New reports appear to indicate that the Chinese economic picture is not as rosy as Beijing would like the world and the U.S. to believe. As The Wall Street Journal reports:
Beneath China’s stable headline economic numbers, there is a growing belief among economists, companies, and investors around the world that the real picture is worse than the official data. That has analysts and researchers crunching an array of alternative data — from energy consumption to photos taken from space — for a more accurate reading.

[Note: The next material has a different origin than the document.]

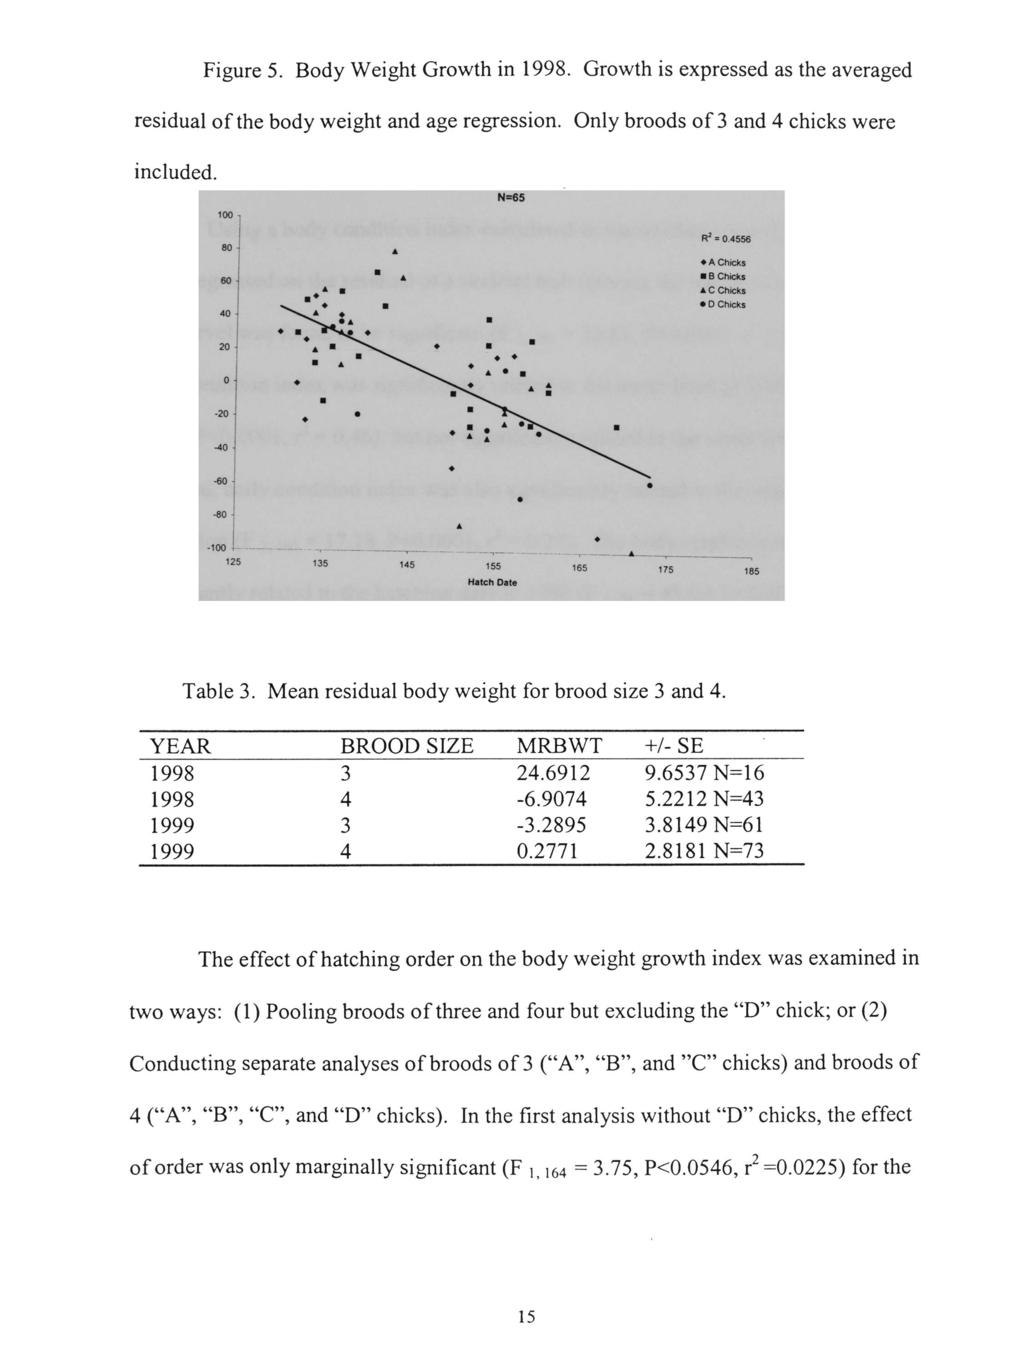 Figure 5. Body Weight Growth in 1998. Growth is expressed as the averaged residual of the body weight and age regression. Only broods of 3 and 4 chicks were included. 100 N=65 R' = 0.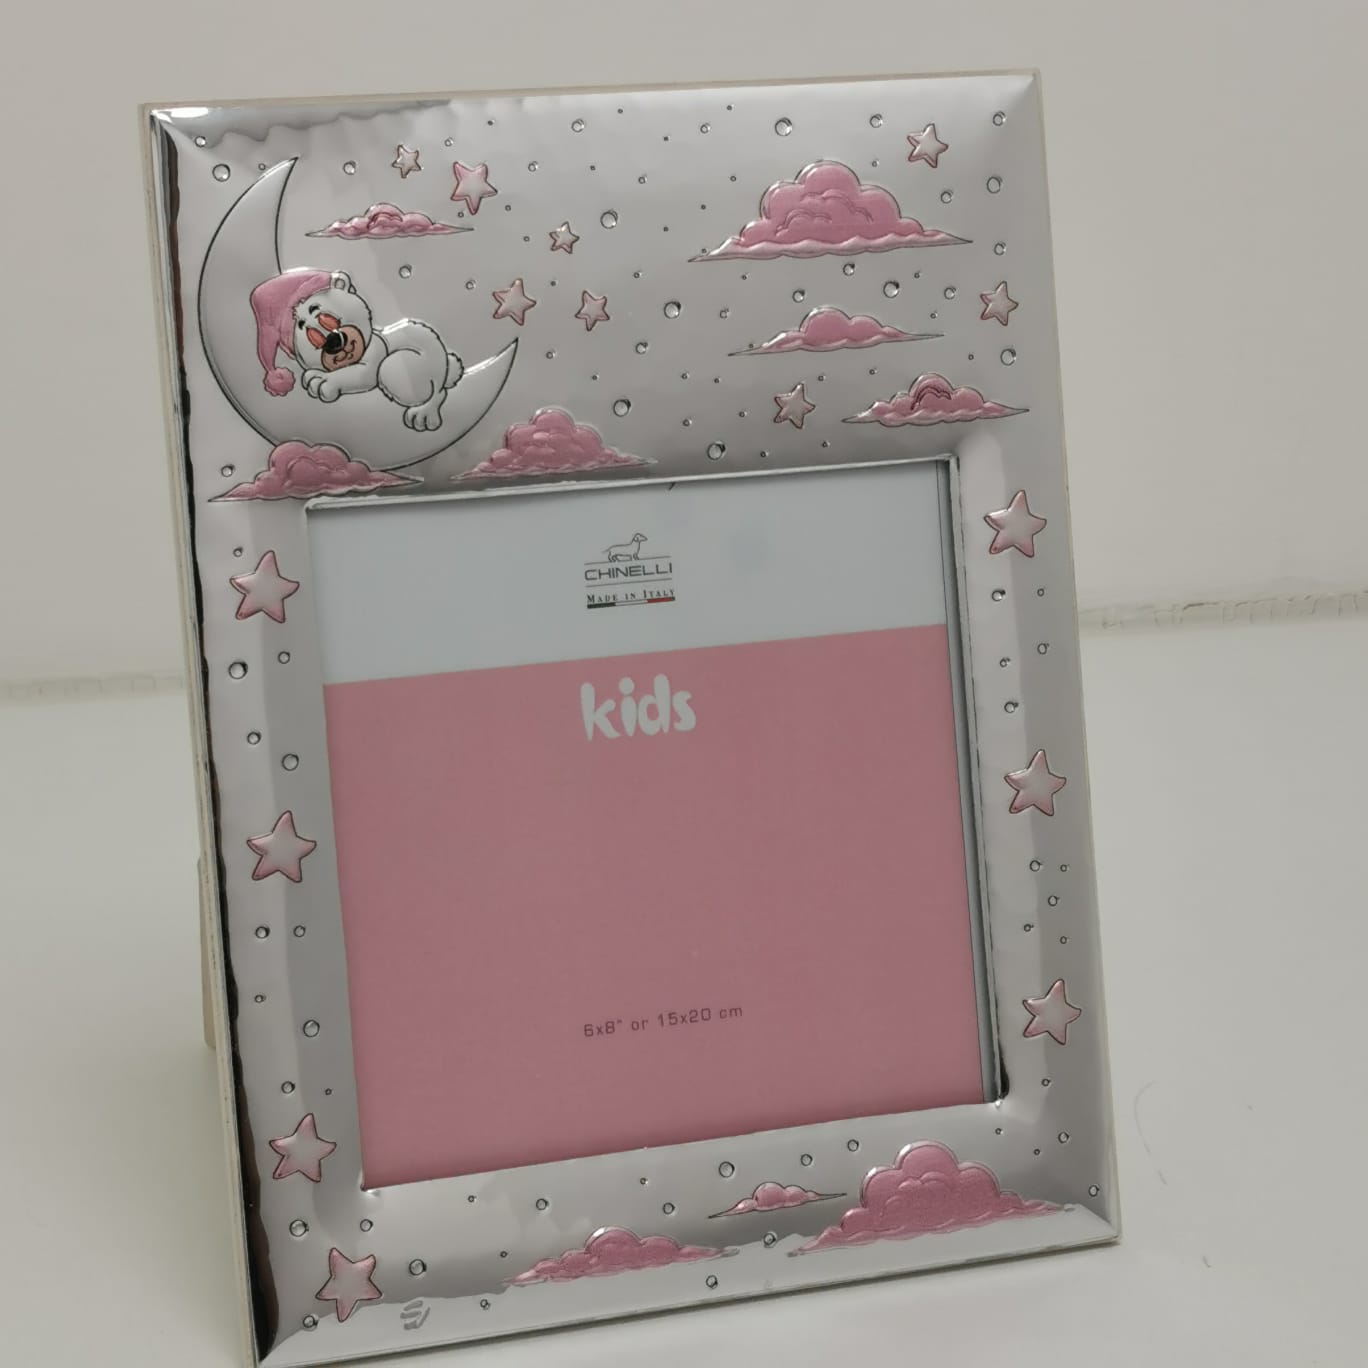 Chinelli Medium Pink Sleeping on the Moon Photo Frame 6x8 Inch Or 15x20cm

Their conclusion: China’s economy isn’t tanking, but it is almost certainly weaker than advertised. Some economists who have dissected China’s GDP numbers say more accurate figures could be up to 3 percentage points lower, based on their analysis of corporate profits, tax revenue, rail freight, property sales and other measures of activity that they believe are harder for the government to fudge.
In related news, Fox Business notes, “The American Chamber of Commerce in Shanghai said Wednesday U.S. companies are steering business away from China at an increasing rate amid the escalating trade war between Washington and Beijing. More than a quarter (26.5 percent) of the 333 respondents to AmCham’s annual survey said they have redirected investment away from China over the past year, up 6.9 percentage points from 2018.”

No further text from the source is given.